(Data)
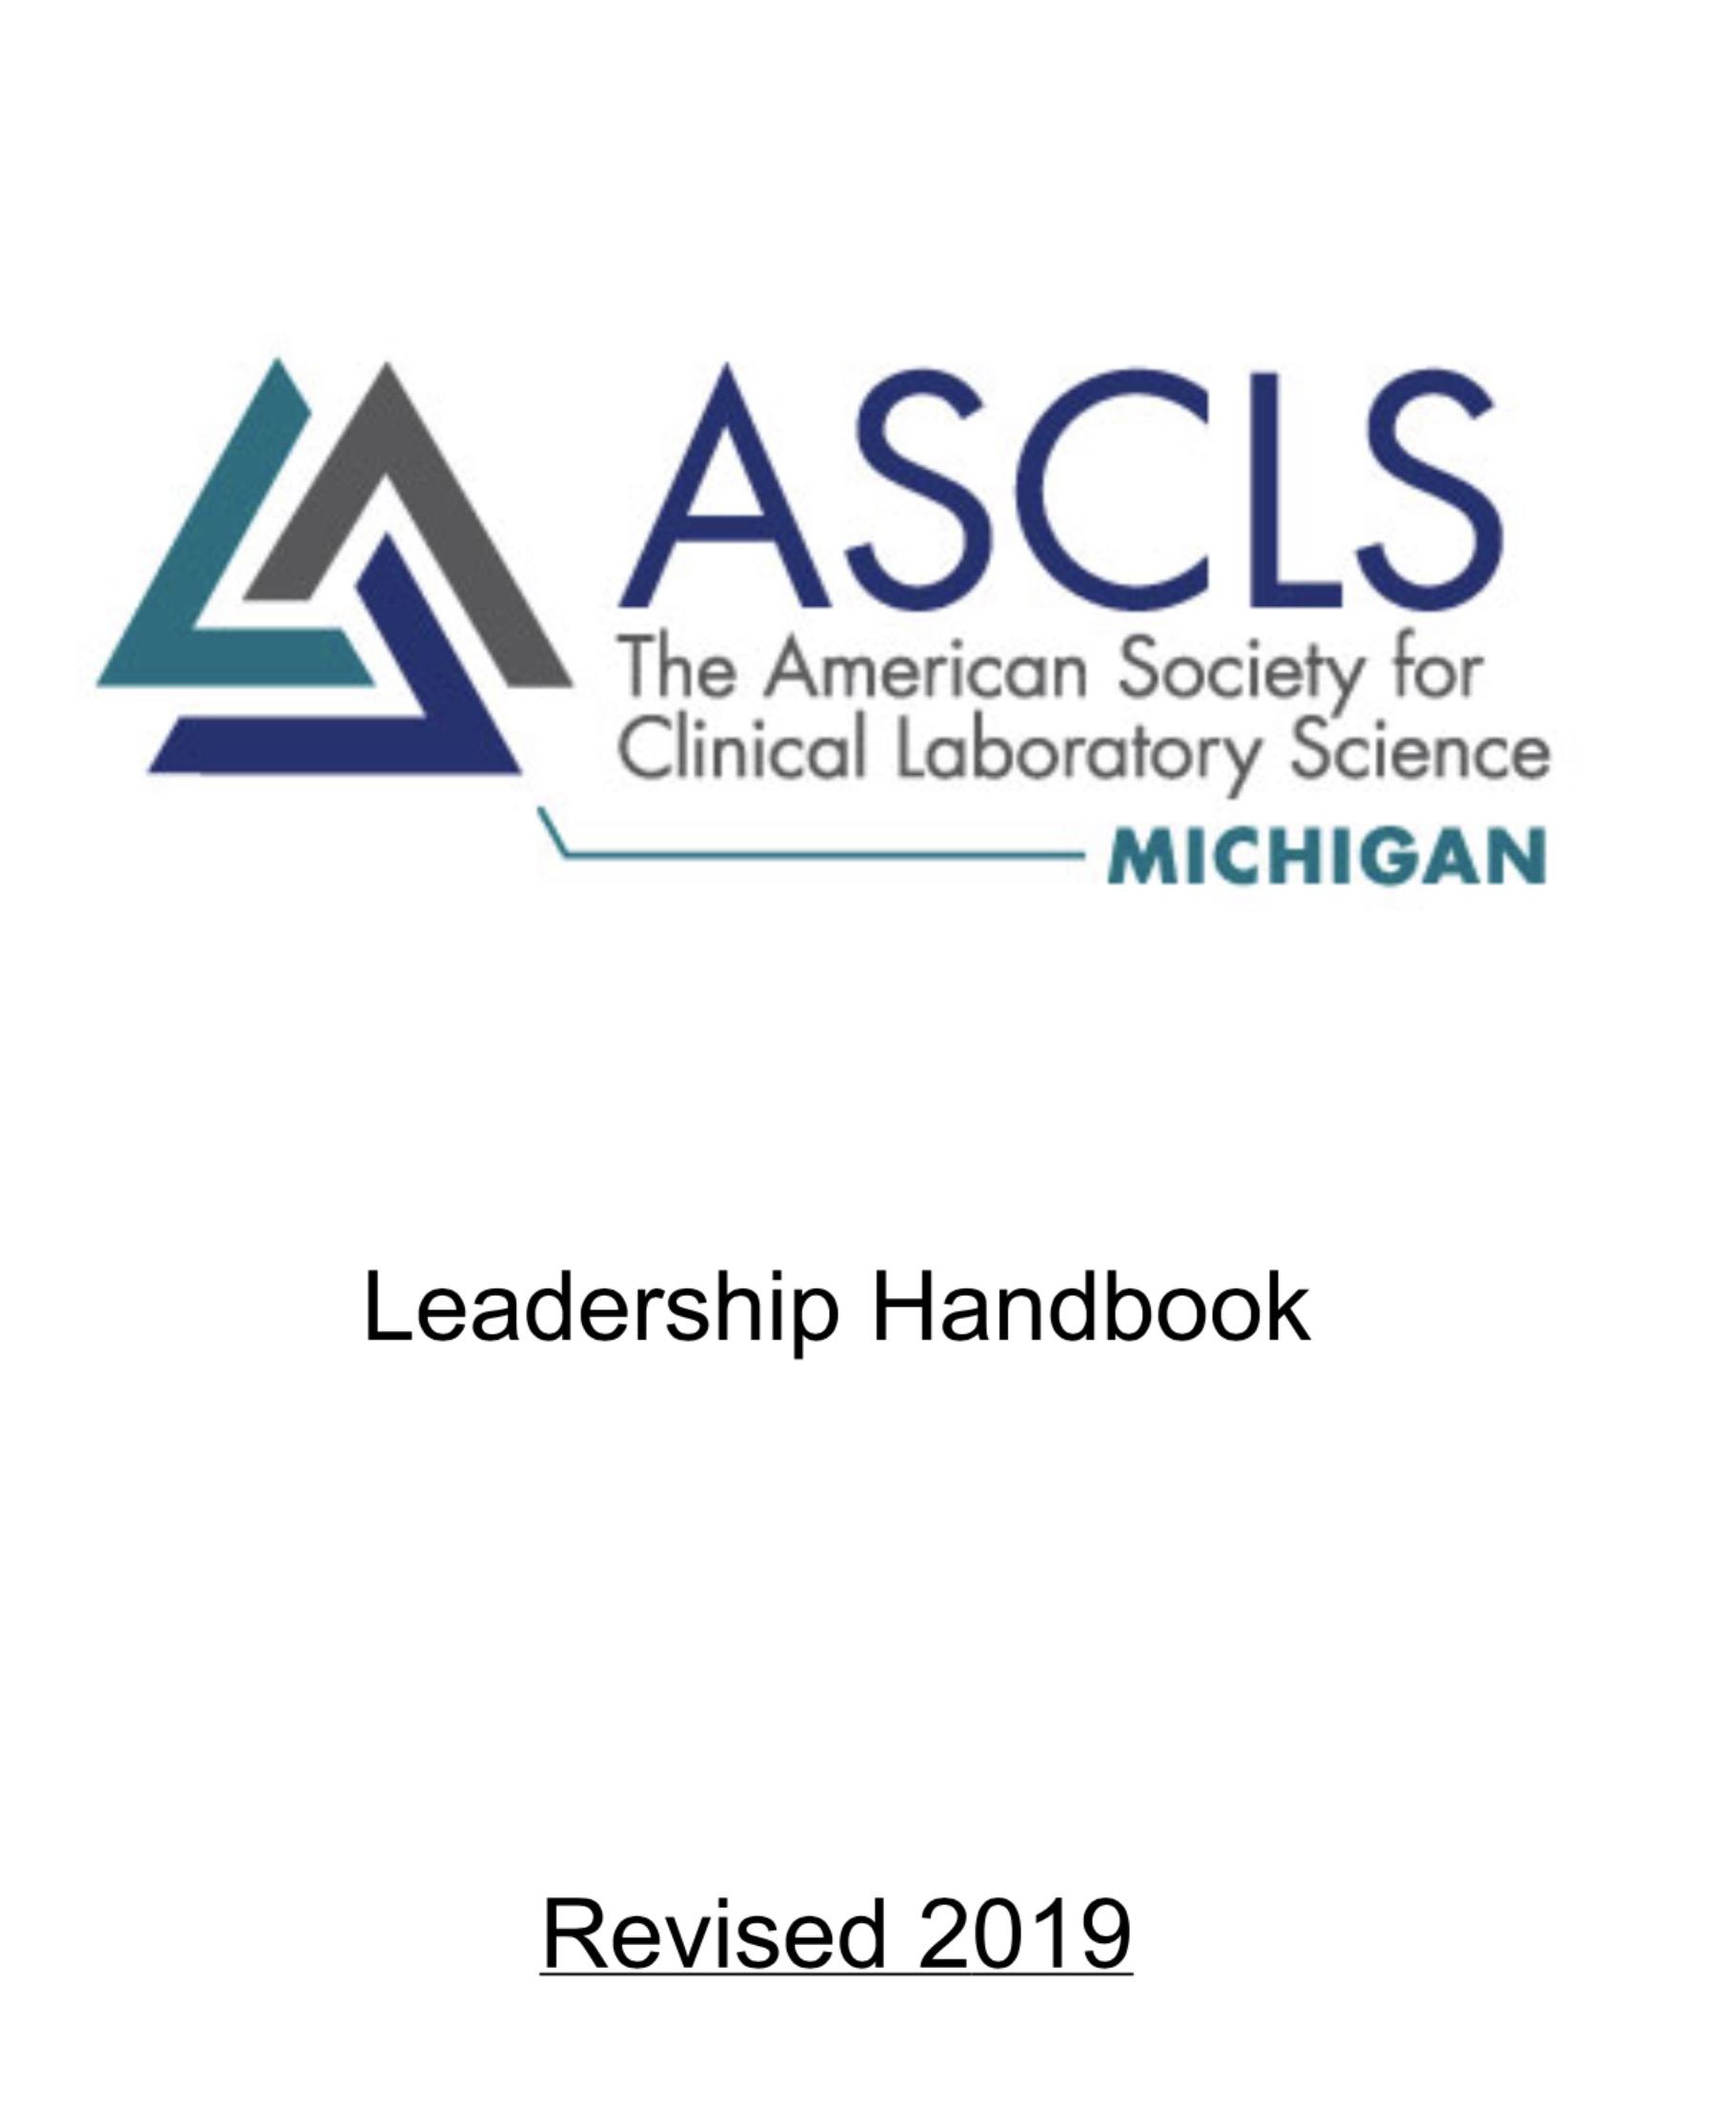 ASCLS-Michigan Leadership Handbook
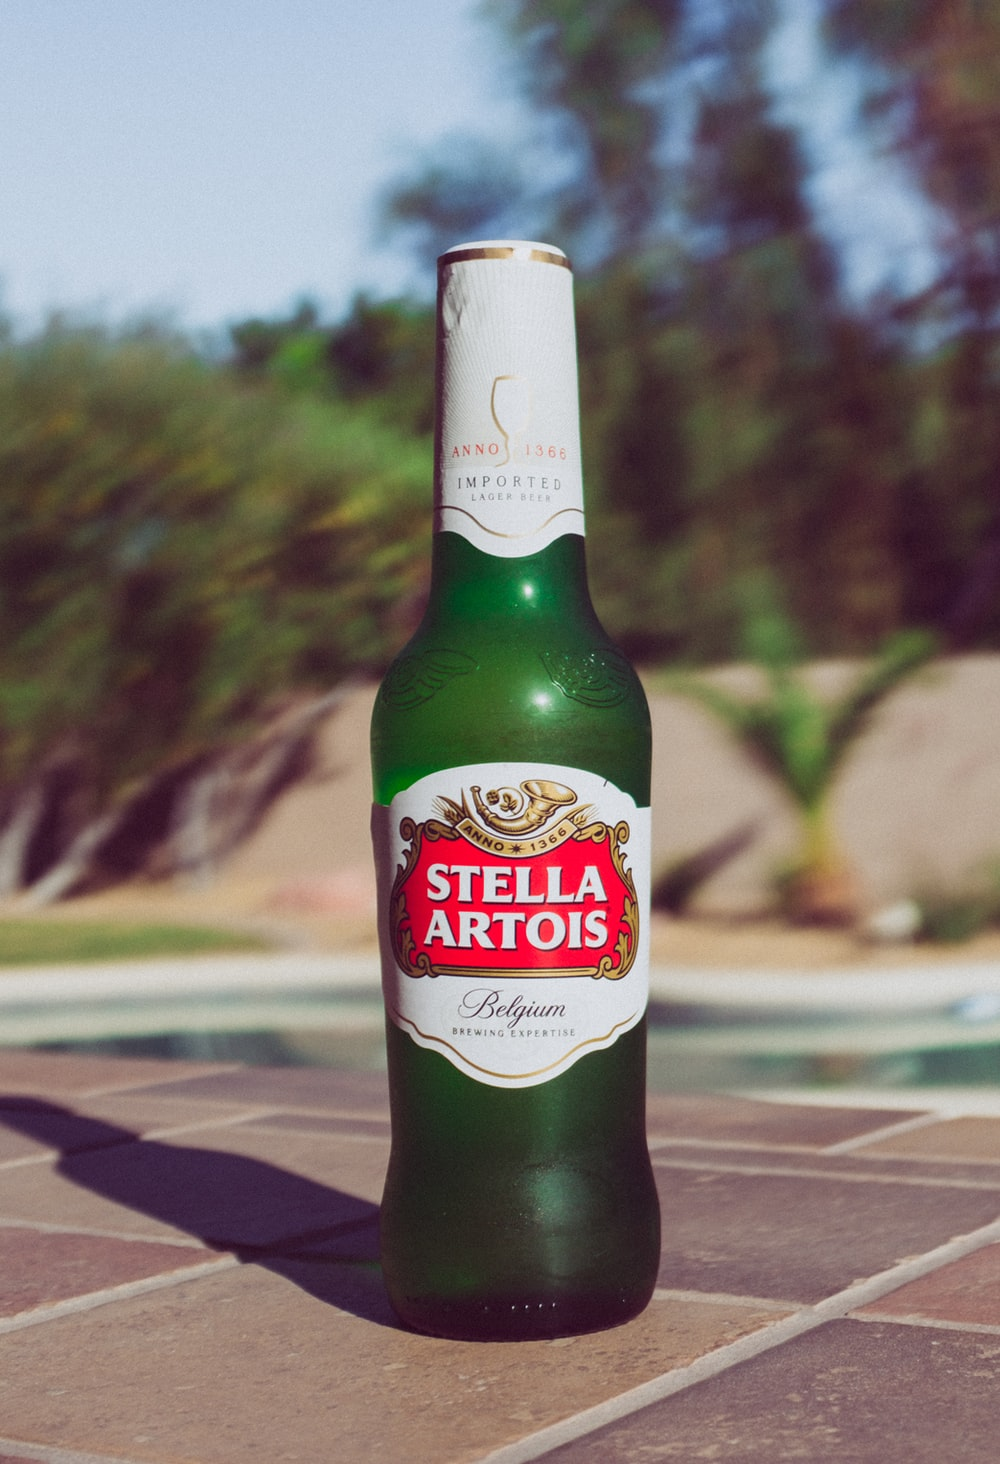 selective focus photography of Stella Artois bottle on beside pool
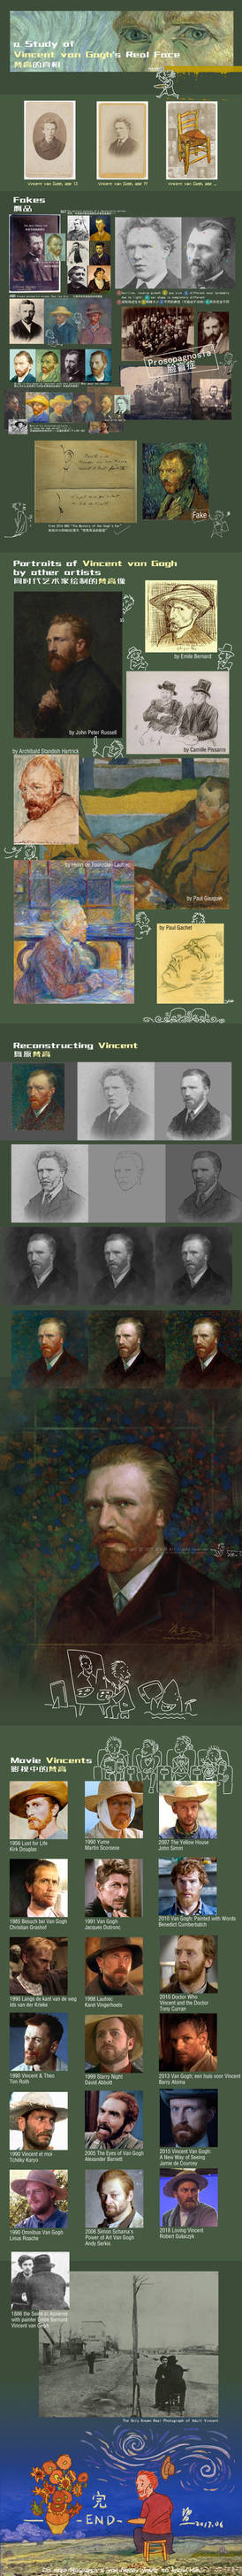 Vincent van Gogh real face study
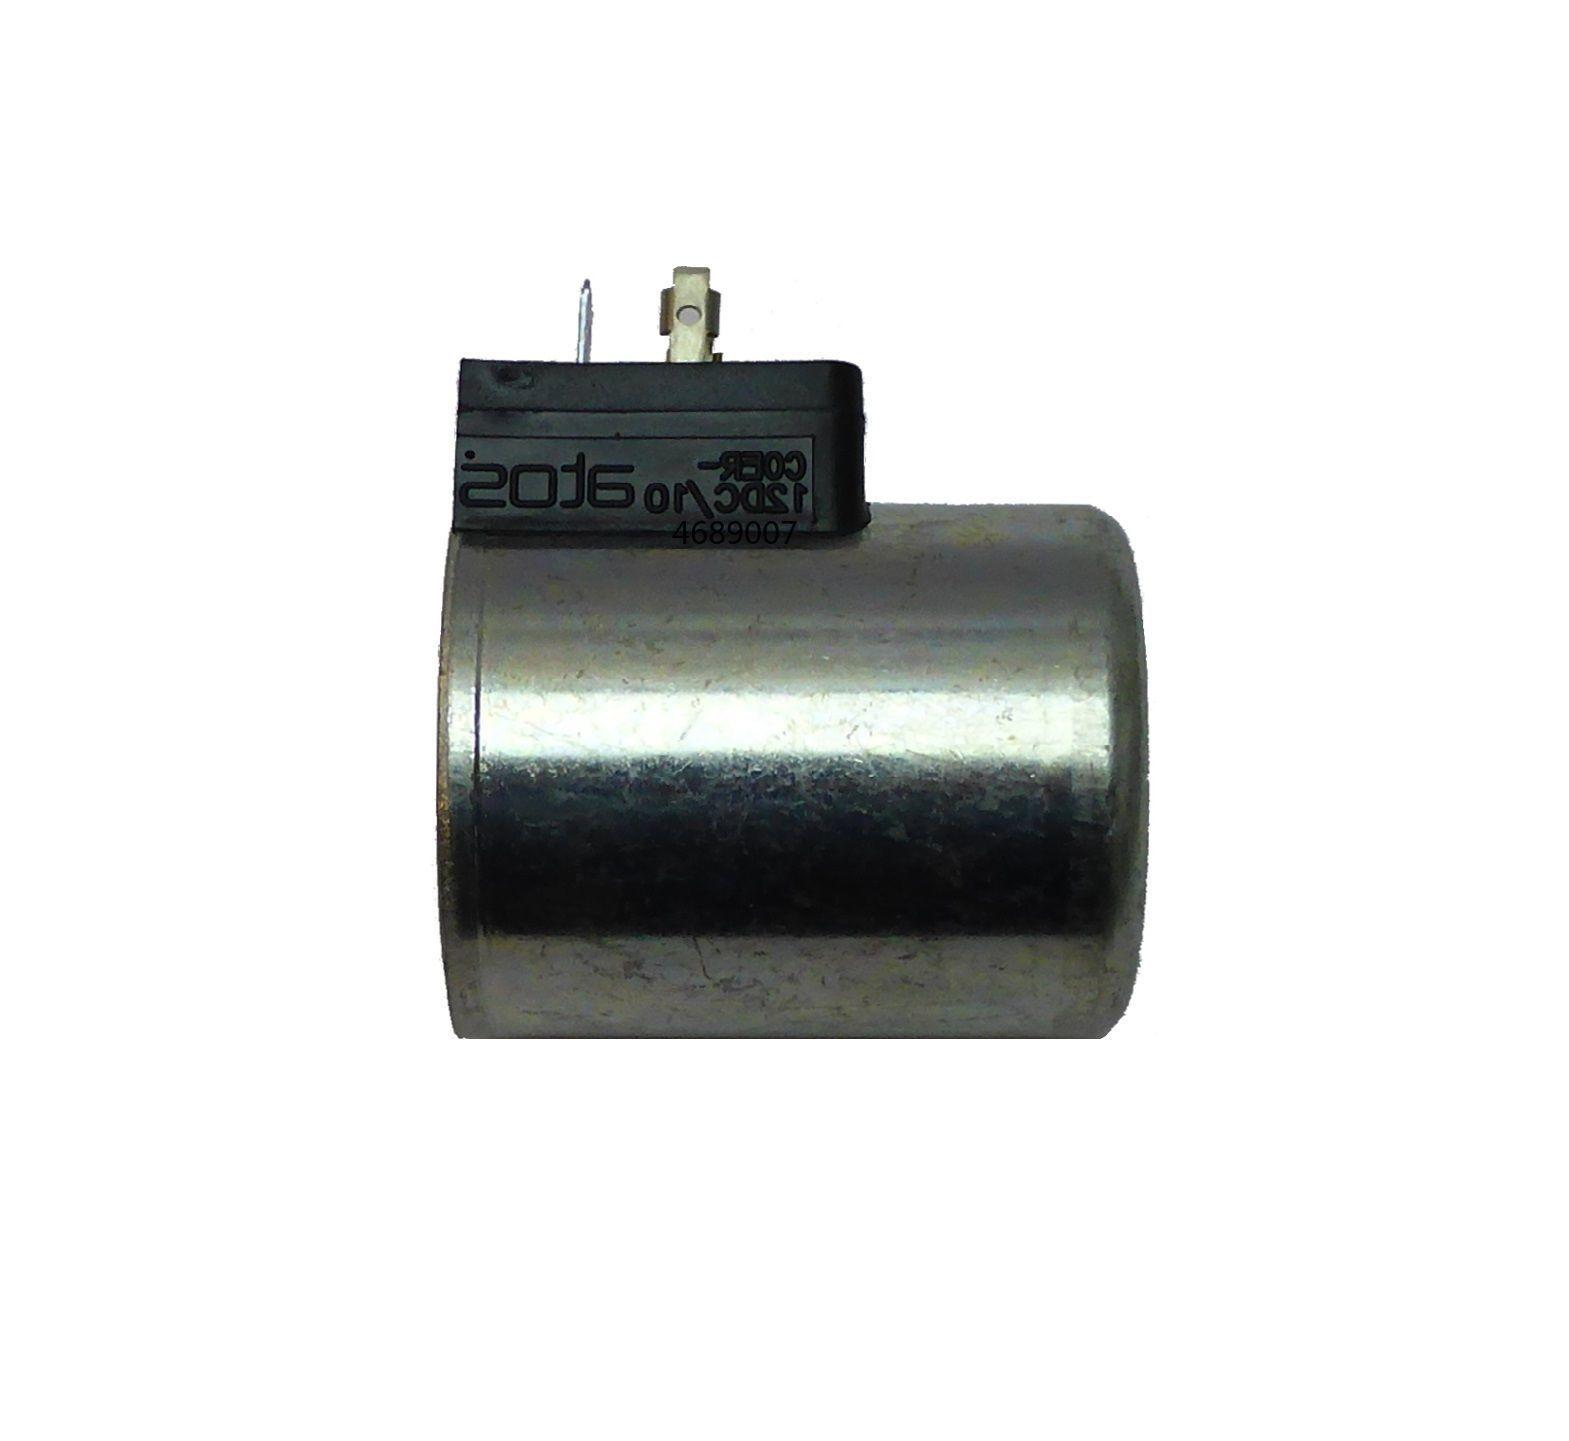 Atos SP-COER-12DC Magnet Spule Hydraulik Ventil solenoid coil valveAtos SP-COER-12DC Magnet Spule Hydraulik Ventil solenoid coil valve

(Your assignment) Your task is an exact transcription of all the data, minus the pictures.

(Finished exercise)
 ASCLS-Michigan Leadership Handbook
 selective focus photography of Stella Artois bottle on beside pool
 Vincent van Gogh real face study
 Atos SP-COER-12DC Magnet Spule Hydraulik Ventil solenoid coil valveAtos SP-COER-12DC Magnet Spule Hydraulik Ventil solenoid coil valve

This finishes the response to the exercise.